Smoothing dissimilarities to cluster binary data

Abstract

Cluster analysis attempts to group data objects into homogeneous clusters on the basis of the pairwise dissimilarities among the objects. When the data contain noise, we might consider performing a smoothing operation, either on the data themselves or on the dissimilarities, before implementing the clustering algorithm. Possible benefits to such pre-smoothing are discussed in the context of binary data. We suggest a method for cluster analysis of binary data based on “smoothed” dissimilarities. The smoothing method presented borrows ideas from shrinkage estimation of cell probabilities. Some simulation results are given showing that improvement in the accuracy of the clustering result is obtained via smoothing, especially in the case in which the observed data contain substantial noise. The method is illustrated with an example involving binary test item response data.

Introduction

Cluster analysis is the statistical technique of separating objects, or observations, into homogeneous groups on the basis of (typically multivariate) data for several variables. We often picture the variables as continuous, but there is a substantial literature about clustering objects based on binary data (e.g., Everitt et al. (2001) and Kaufman and Rousseeuw (1990)).

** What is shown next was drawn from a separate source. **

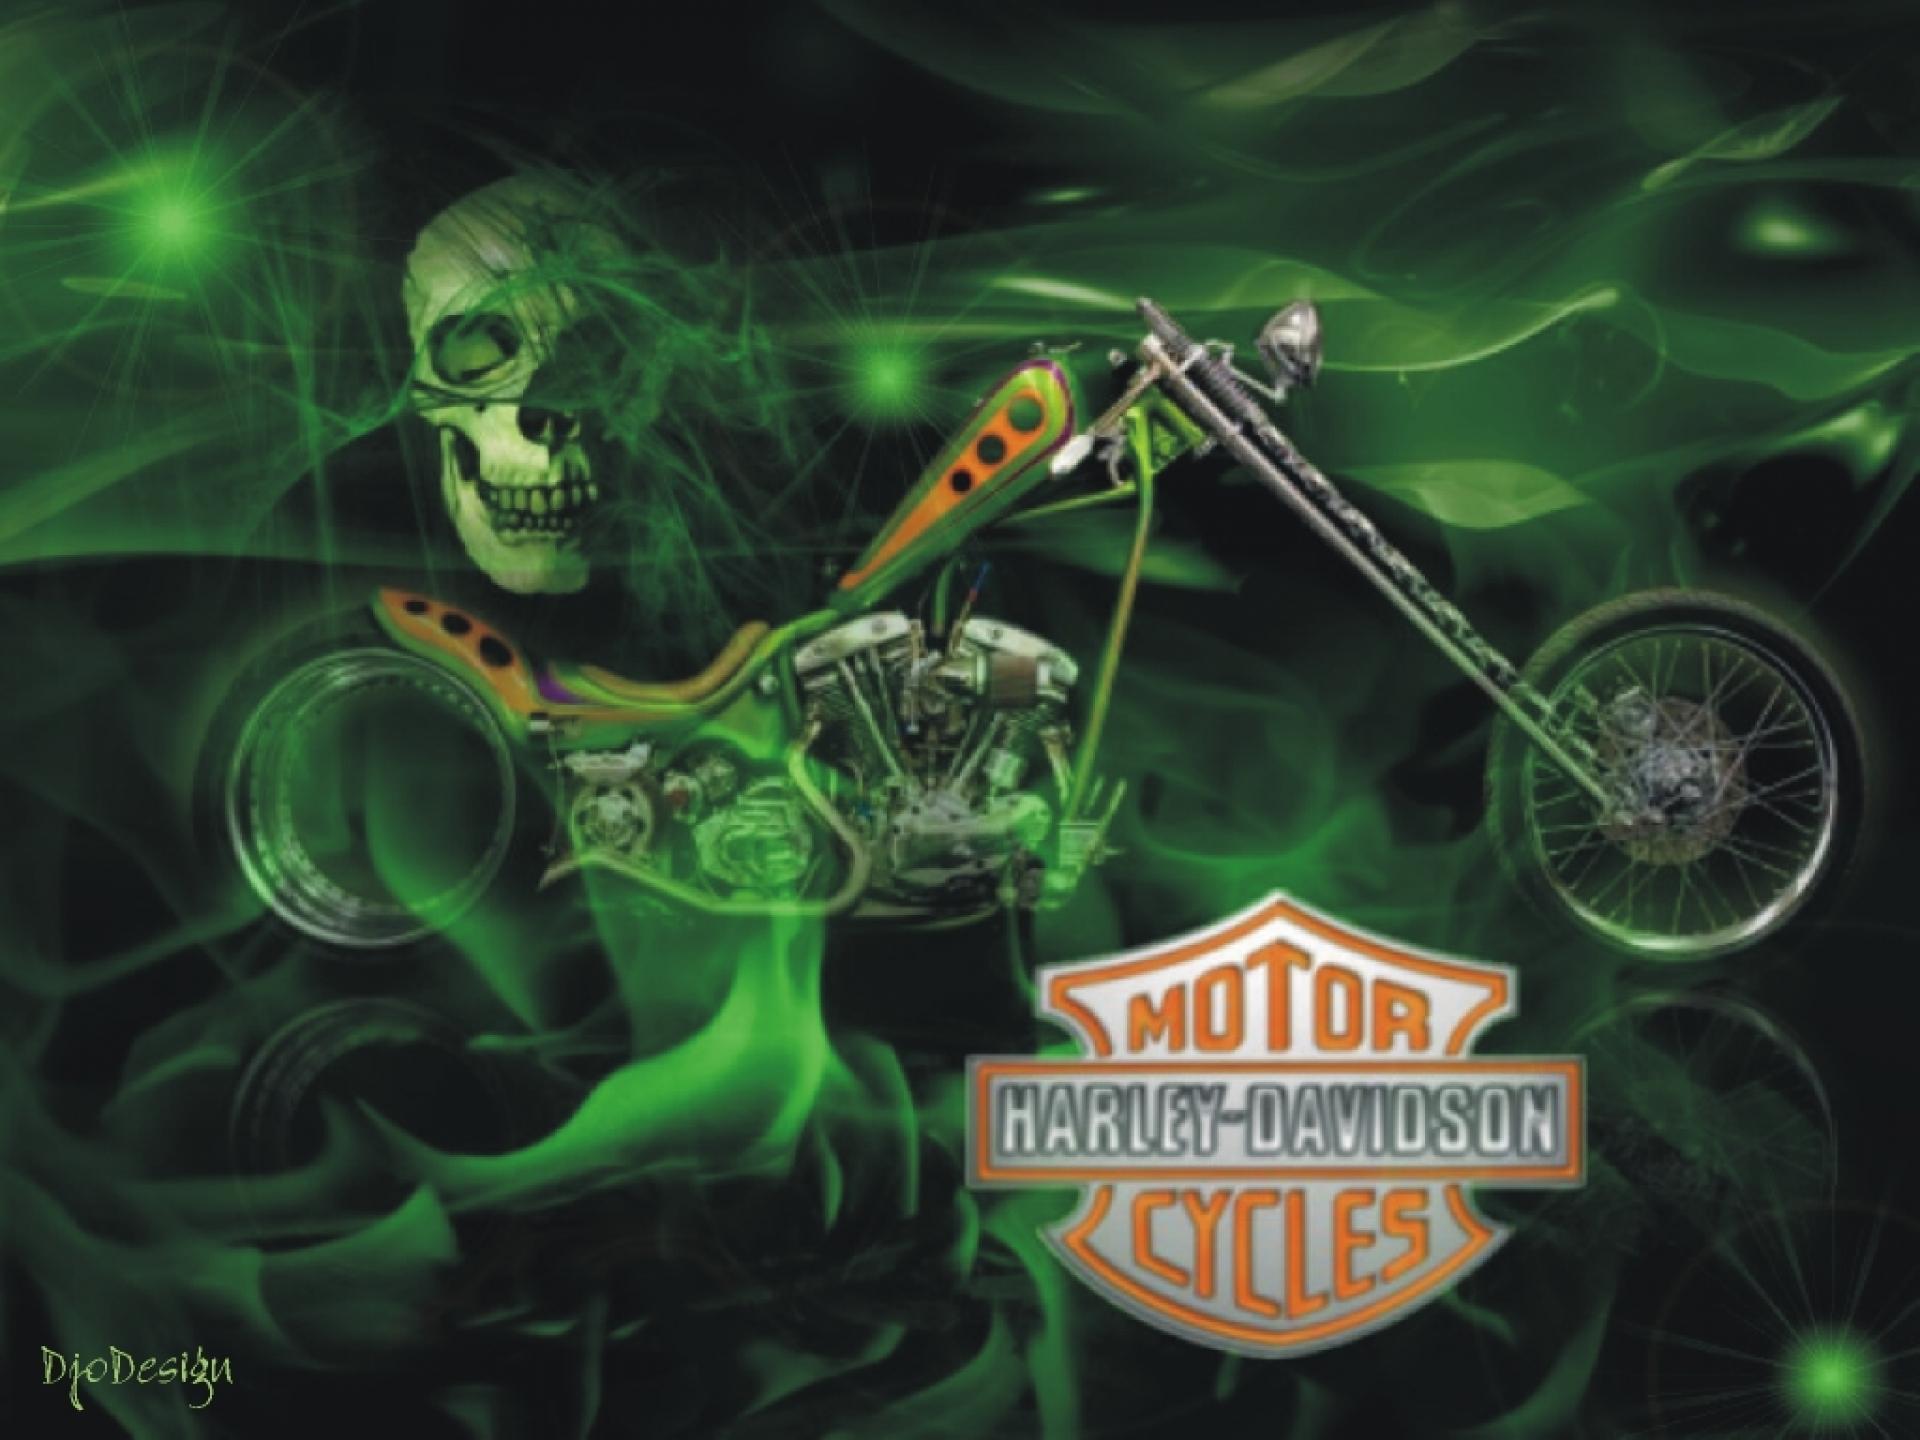 Skull Harley Davidson Green Fire Logo Motorcycle 1201676 19201440 1920x1440
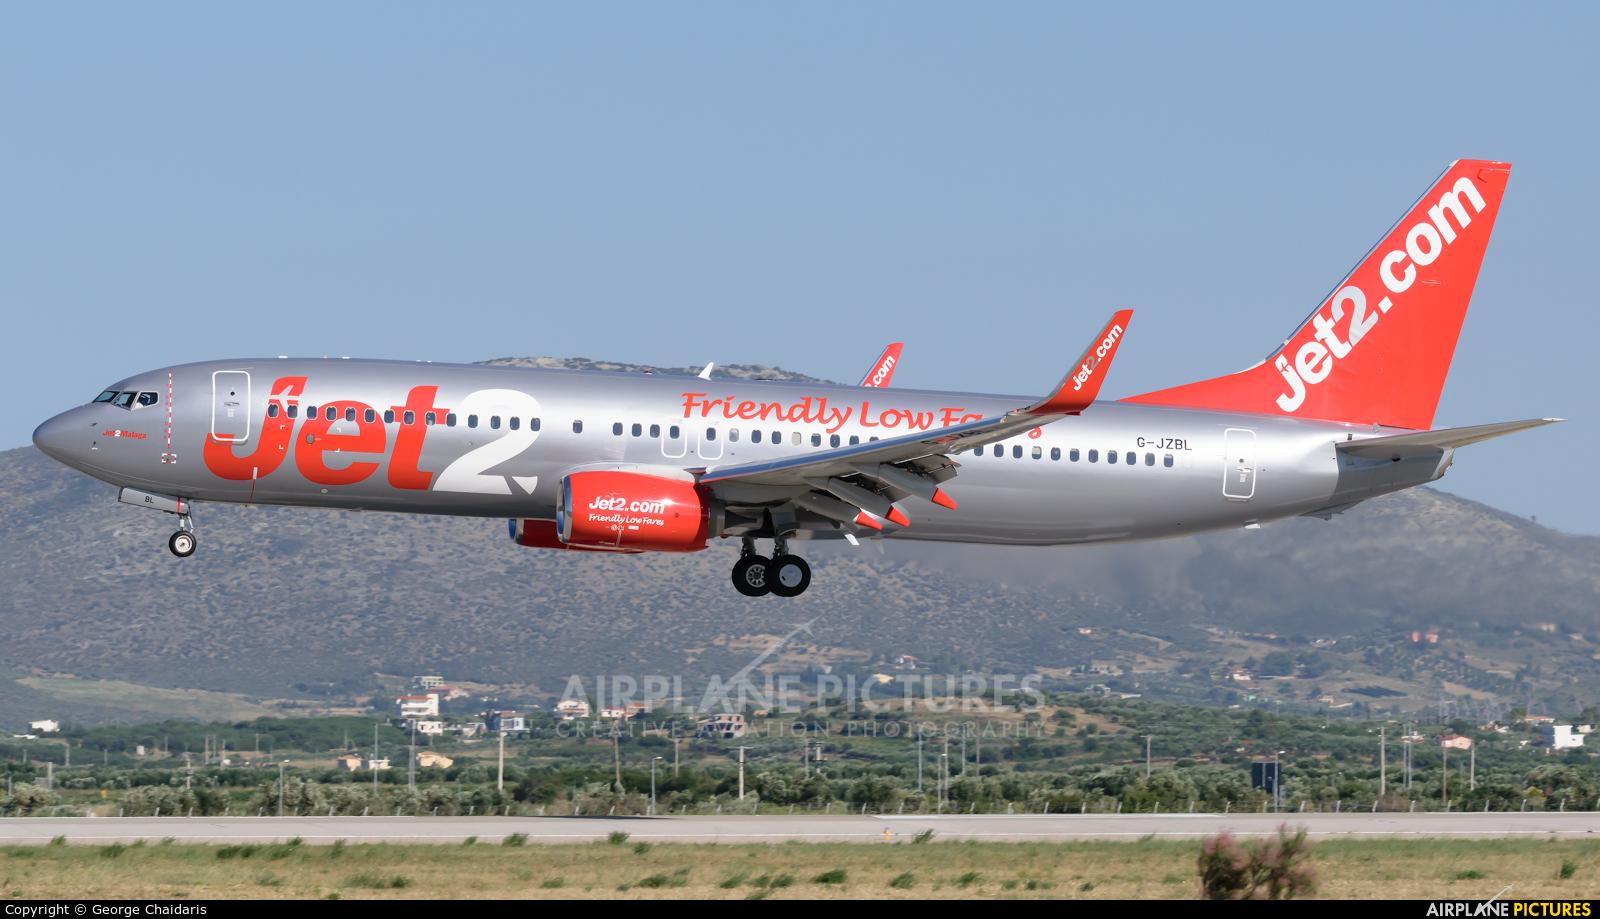 Jet2 G-JZBL aircraft at Athens - Eleftherios Venizelos

When the data contain some type of noise (whether measurement error or merely unexplained variability), it is intuitive that smoothing the data, when done properly, may better recapture the underlying process generating the data. Often individual data values contain substantial noise and, thus, are less trustworthy to reflect the process we hope to understand. Smoothing methods attempt to reduce this noise by balancing the information in individual data points with information in the data set as a whole, or by shrinking data values toward some assumed structural model. Cluster analysis itself may be viewed as a type of smoothing, in the sense of being a technique to obtain a less complex structure from noisy data. However, standard clustering methods can be sensitive to outliers that could exist when we directly cluster observed data. Therefore clustering a smoothed version of the data may be preferable to clustering the observed (unsmoothed) data.

In certain situations the idea of smoothing is natural. For example, Hitchcock et al. (2007) showed that a shrinkage method of smoothing could aid in the clustering of functional data (data arising as curves). With binary data, the idea of “smoothing” seems less natural than with functional data, but the concept of shrinkage will be an important one in the methods discussed here.

A common method for clustering binary data objects is to define pairwise dissimilarities among the objects, each of which is typically a function of the number of matches (or mismatches) among the $P$ binary variables measured on the pair of objects. A “match” occurs when, for a certain variable, both objects share the same value (both 0 or both 1). For any pair of objects a 2×2 table of matches and mismatches may be constructed. Our smoothing method will fundamentally use this table.

In Section 2 we will formally define the dissimilarities for a set of binary data and introduce a clustering method based on a smoothed version of this collection of dissimilarities. Section 3 describes a simulation study to determine the effect of this smoothing method on the accuracy of the cluster analysis. In Section 4, we apply the method to a real data set involving test item responses, and Section 5 is a conclusion.